– А как вы думаете? – резко ответила графиня. – Мне нужны вы! И больше никто!
– Здесь не место устраивать сцены… – начал герцог.
– Ах, сцены? – перебила его графиня. – Вот как вы со мной разговариваете? Все, Фабиан, довольно! Я устала от ваших бесконечных романов, от вереницы ваших женщин! Я пришла сюда, намереваясь убить это несчастное создание, которое вы пытаетесь соблазнить. Но теперь я передумала. Я убью вас!
Графиня вскинула руку, которую до того прятала в складках своего бального туалета, и в полумраке беседки сверкнул перламутром маленький револьвер.
– Ивонна, будьте благоразумны! – мягко сказал герцог. – Не время и не место устраивать истерики!
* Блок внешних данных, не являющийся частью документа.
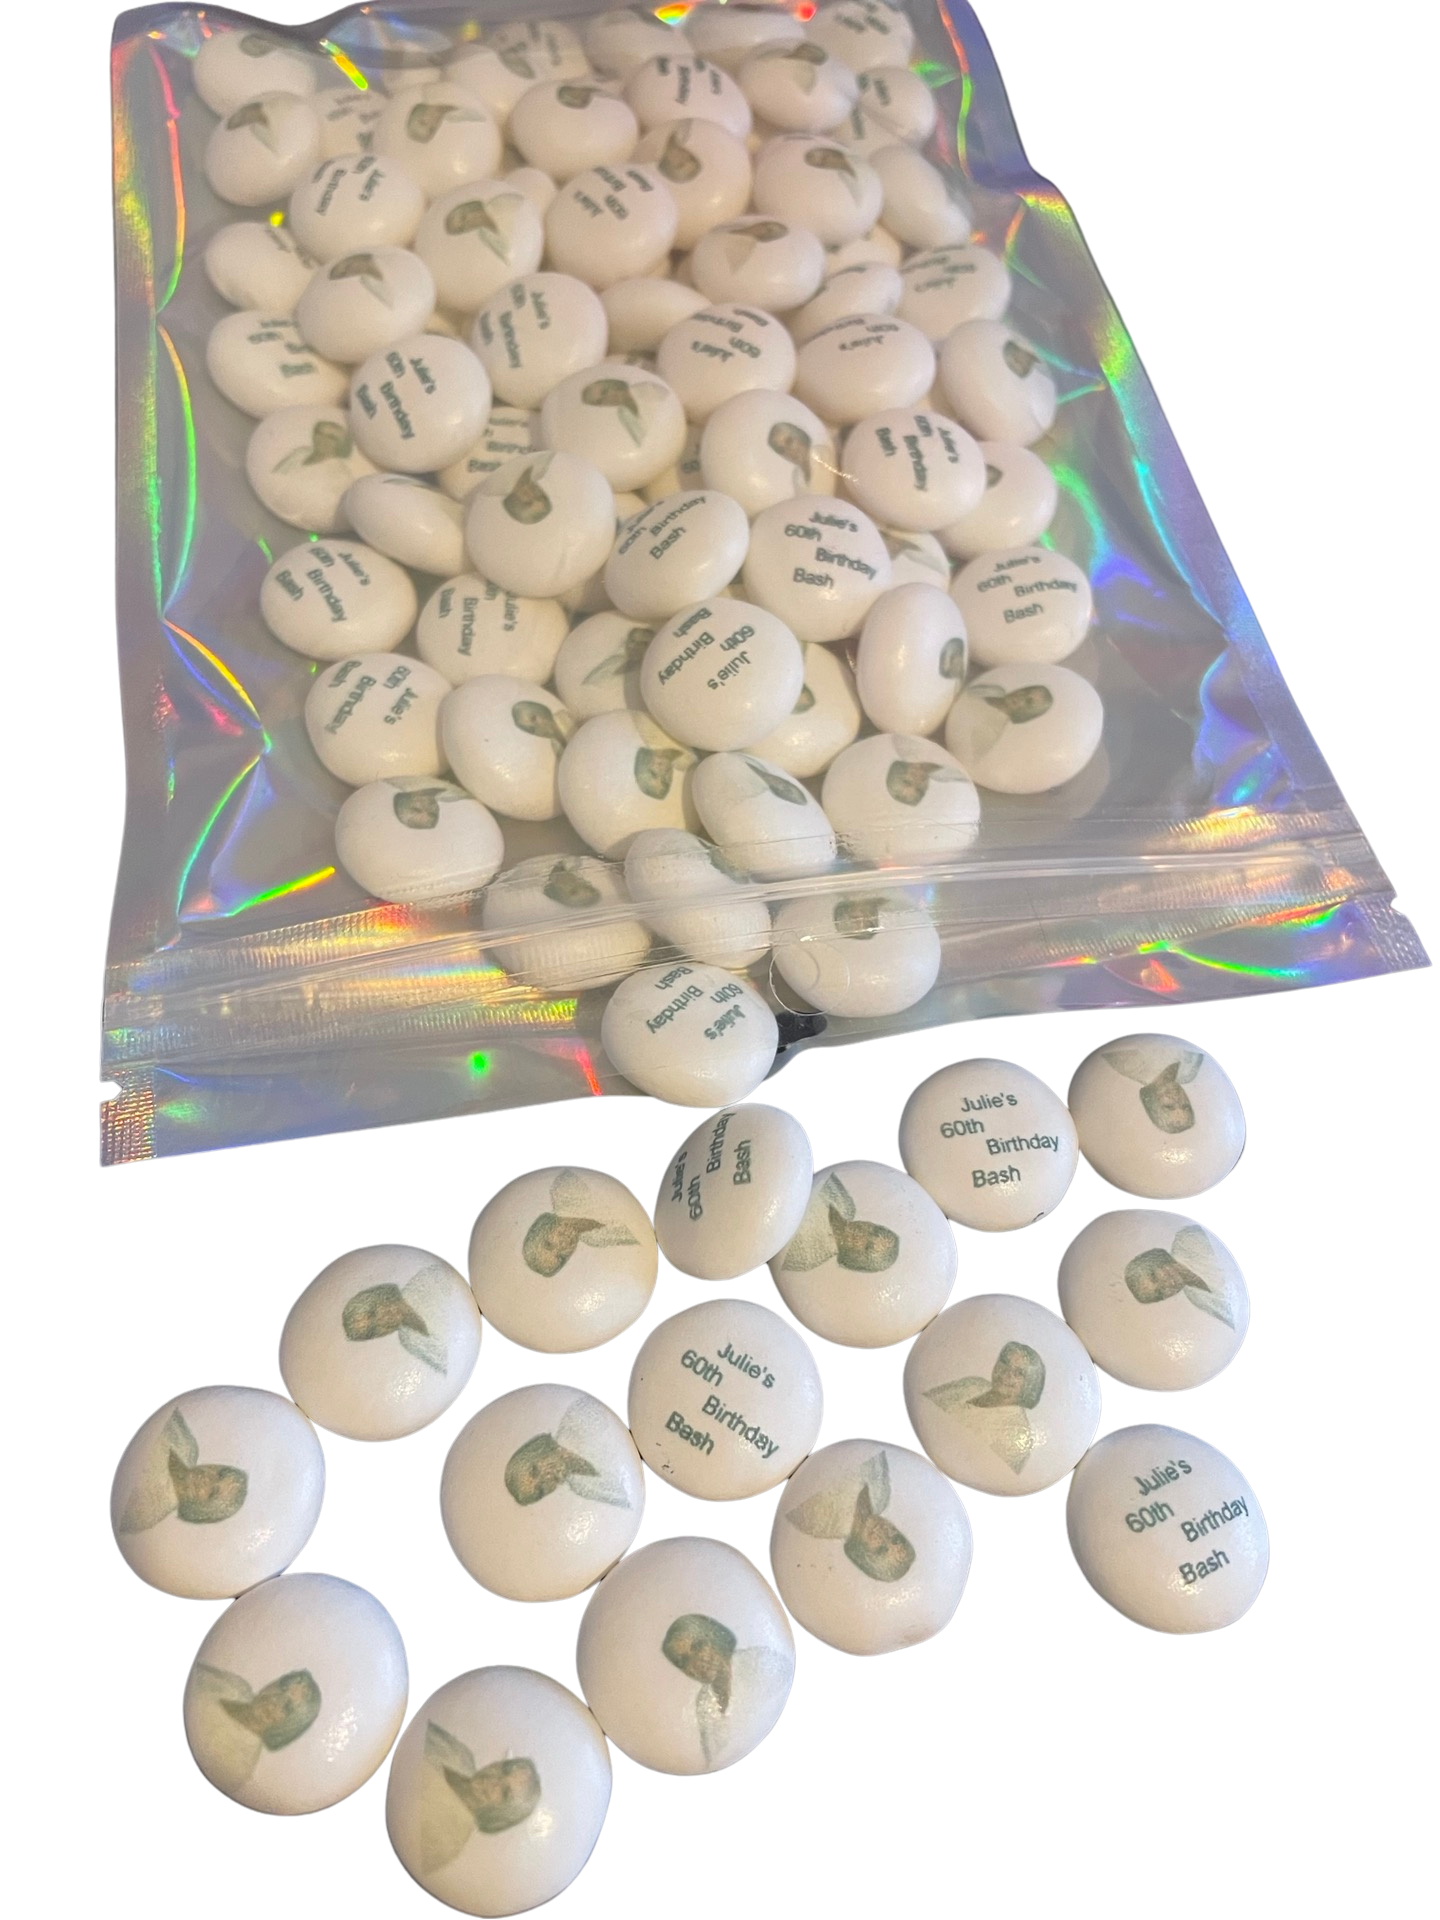 Personalised Mentos photo sweets

Графиня в ответ прицелилась в него.
– Это не истерики, Фабиан! Это любовь! И с вашей смертью мои страдания окончатся!
В этот миг Лина отчетливо поняла, что несчастная женщина безумна. Она еще утром, когда графиня набросилась на нее в библиотеке, подумала, что Ивонна не в себе. Теперь же она убедилась, что француженка сошла с ума, и, если она говорит, что убьет Фабиана, она это сделает.
Не медля, не тратя времени на размышления, Лина рванулась вперед и заслонила собой герцога в тот самый миг, когда графиня взвизгнула каким-то нечеловеческим голосом:
– Умри, Фабиан! Надеюсь, поцелуй смерти придется тебе по душе! – и нажала на спусковой крючок.
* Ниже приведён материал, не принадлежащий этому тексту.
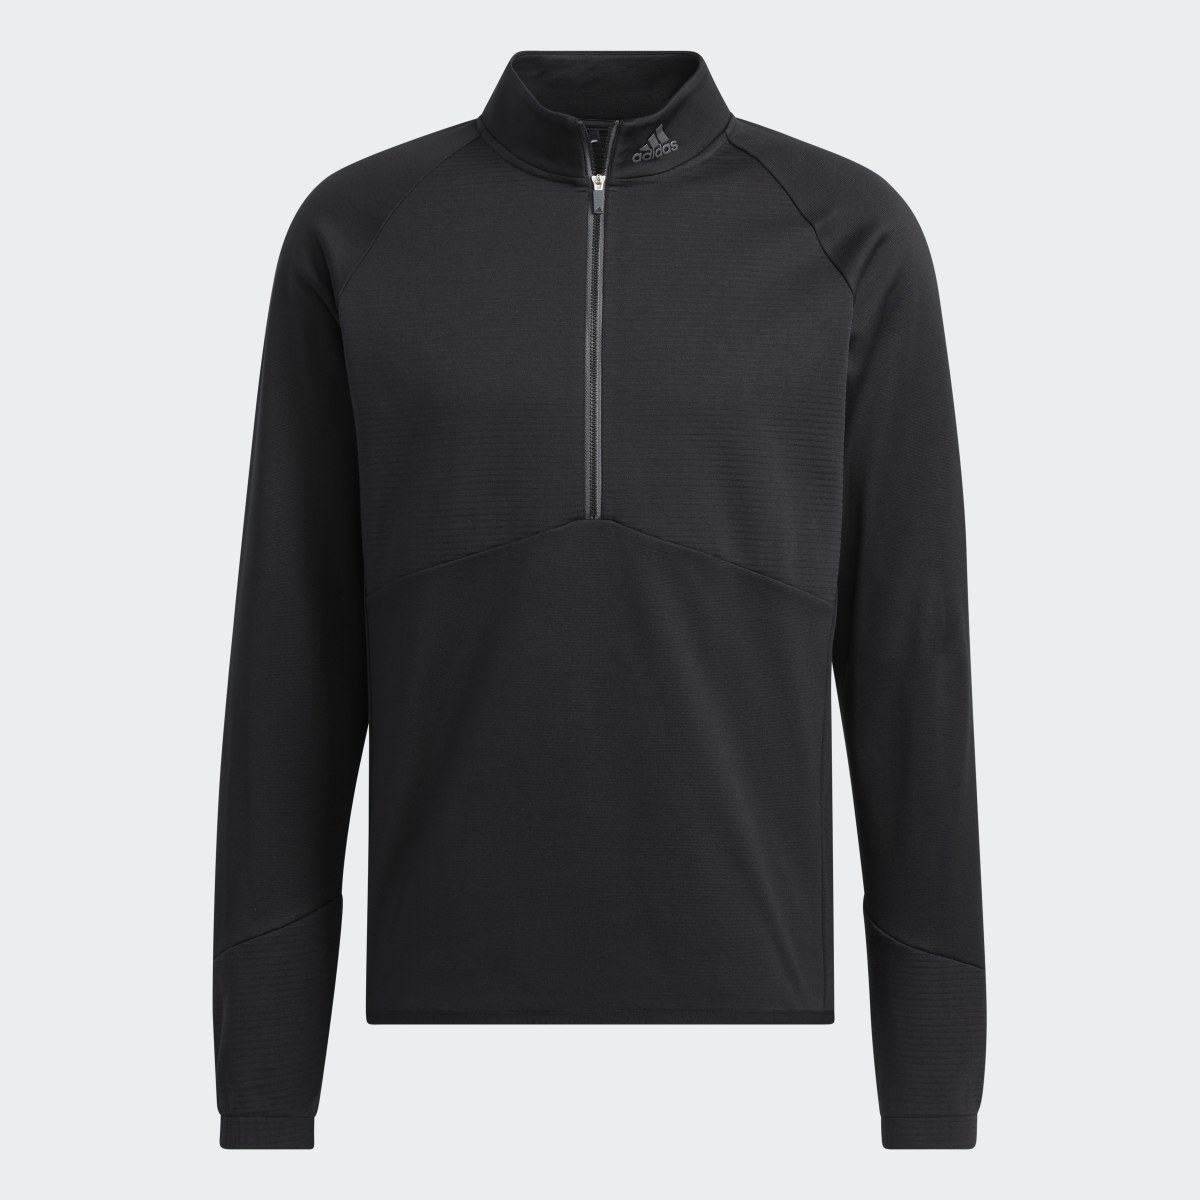 Adidas Pullover COLD.RDY 1/4-Zip. 5

Раздался грохот – Лина думала, что она оглохнет.
Девушку пронзила невыносимая, жгучая боль. Лина вскрикнула – и темнота накрыла ее.
Глава 7
Лина пришла в сознание – словно вырвалась из бесконечного темного тоннеля.
В первые минуты она не могла думать ни о чем, кроме того, что жива и может дышать. Это казалось странным, ведь, помнится, с ней произошло что-то ужасное…
А потом она снова провалилась куда-то во тьму.
Когда Лина вновь пришла в себя, первым, что она услышала, было пение птиц. Рядом кто-то ходил – она слышала шорох одежд и мягкие шаги.
Лина медленно, боясь возвращения боли, открыла глаза.
Комната, в которой она находилась, была ей незнакома. В ней царил полумрак. Лина сперва подумала, что сейчас ночь, но потом сообразила, что темно оттого, что на окнах опущены шторы.
Кто-то наклонился над ней, бережно приподнял ее голову и поднес к губам стакан с питьем. Только теперь Лина заметила, что ей хочется пить и во рту все пересохло.
– Dormez, ma petite ! – сказал добрый, ласковый голос.
Лина восприняла это как приказ, закрыла глаза и снова провалилась в забытье.
Прошло много времени – несколько дней или даже недель, – прежде чем к Лине вернулась способность думать и чувствовать. Ей показалось, что кто-то сильно стиснул ее левую руку. Она попыталась шевельнуть ею и застонала от боли.
Тотчас кто-то очутился возле ее кровати, и тот самый голос, который она слышала, лежа в забытьи, произнес:
– Вы проснулись, мадам? Лина подняла глаза и увидела добродушное лицо, обрамленное монашеским убором.
Как бы отвечая на незаданный вопрос, монахиня сказала:
– Все в порядке. Вам нечего бояться. Опасность миновала.
«Опасность?»– удивилась Лина.
И тут она вспомнила!
Ужасная картина снова встала у нее перед глазами: графиня целится в герцога и визжит: «Умри, Фабиан! Надеюсь, поцелуй смерти придется тебе по душе!»
Потом грохот – и боль…
– Она… она стреляла в меня! – в ужасе прошептала Лина.
– Да, она стреляла в вас, – мягко сказала монахиня, – но, по милосердию Божию, рана оказалась куда менее опасной, чем могла бы быть.
Лина медленно повернула голову, пытаясь разглядеть свое левое плечо. Оно было скрыто под тугой повязкой.
– А… а рука цела? – с испугом спросила она.
Монахиня улыбнулась:
– Цела, цела! Кость не задета. Но пуля засела в мышце, ее пришлось вынимать, так что рана заживет не так быстро, как хотелось бы. Но вы молоды и сильны, и мы молимся за вас…
– Спасибо… – сказала Лина. Монахиня отошла к столу и принесла стакан с питьем. Питье пахло медом и лимоном.